Release Notes: Important changes: fold-in support for UserKNN for item recommendation; less verbose evaluation output; and many bugfixes.
Release Notes: The release added NaiveBayes for attribute-based rating prediction, MostPopularByItemAttributes, and improvements and bugfixes in WeightedBPRMF, SigmoidCombinedAsymmetricFactorModel, and ItemKNN. A bug in the Map@k routine was fixed. Support for Million Song Dataset Challenge data was improved.
Release Notes: This release adds several new rating predictors, all of them variants of asymmetric factor models (AFMs). The new item recommender MostPopularByItemAttributes generalizes an idea presented by the organizers of the Million Song Database Challenge.
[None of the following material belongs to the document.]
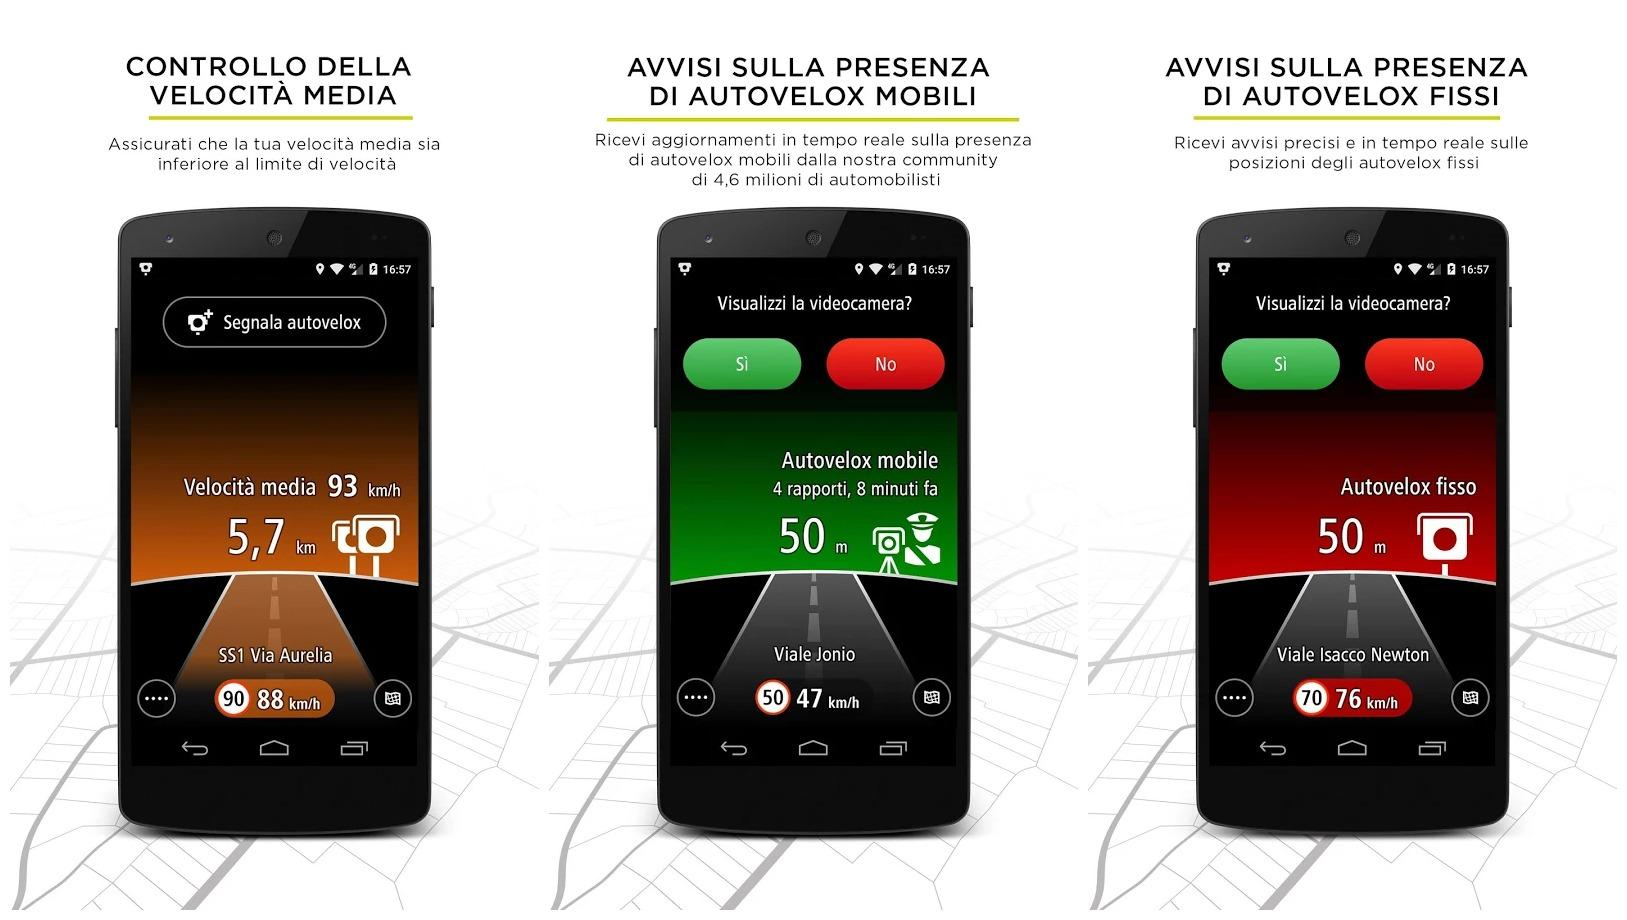 installare autovelox su tomtom android - sippartnewphre ga

There are now 27 different rating predictors and 18 different item recommenders in MyMediaLite.
Release Notes: This release adds the new rating predictor SigmoidItemAsymmetricFactorModel, improvements and bugfixes for SocialMF, speed-ups for ItemKNN rating predictors, faster writing of item recommendations, and fast (de)serialization of data sets.
Release Notes: Float (32-bit) is now used instead of double (64-bit) to store ratings and model parameters. The incremental update API now accepts several feedback events at once. A new SVD++ rating predictor was added. LogisticRegressionMatrixFactorization and MultiCoreMatrixFactorization were merged into BiasedMatrixFactorization. There were many small enhancements and fixes, and polishing.
Release Notes: Similarity computations are now faster and consume less memory. This release adds the new rating prediction evaluation criterion CBD (capped binomial deviance), new recommenders (MultiCoreBPRMF and LogisticRegressionMatrixFactorization), and bugfixes and other improvements for the recommenders BPRMF, MultiCoreMatrixFactorization, TimeAwareBaseline, UserItemBaseline, and ItemKNNCosine.
Release Notes: Can now be built without an IDE. Command line tools: scripts for easy deployment on Unix; executable names changed to lower case; an option to ignore the first line of a file. New examples in F# and simplified examples in C#, Python, and Ruby. Evaluation methods are much easier to call. There is a new baseline rating predictor: co-clustering. There are bugfixes and other improvements for BPRMF, MultiCoreMatrixFactorization, TimeAwareBaseline, and KNN.
Release Notes: A crash in the item recommendation tool has been fixed.
Release Notes: Rating data with timestamps is now supported. There are two time-aware baselineline recommenders, TimeAwareBaseline and TimeAwareBaselineWithFrequencies (from the Netflix Grand Prize solution), and chronological splits. Some matrix functions are now implemented as extension methods, which makes them easier to use in many cases. The script download_movielens.sh has been updated because the download URLs have changed. Lots of improvements have been made under the hood.
Release Notes: MyMediaLite now needs Mono 2.8 or later (2.10.x is recommended, or .NET 4.0). Multi-core support has been added for several components: item recommendation evaluation, cross-validation for rating prediction and item recommendation, and distributed SGD training for rating prediction matrix factorization. Long int user and item IDs are now supported. Different modes for selecting candidate items now also work for cross-validation. Mean reciprocal rank (MRR) has been added as a new evaluation measure. Numerous improvements have been made to the documentation, API, commandline tools, and helper scripts.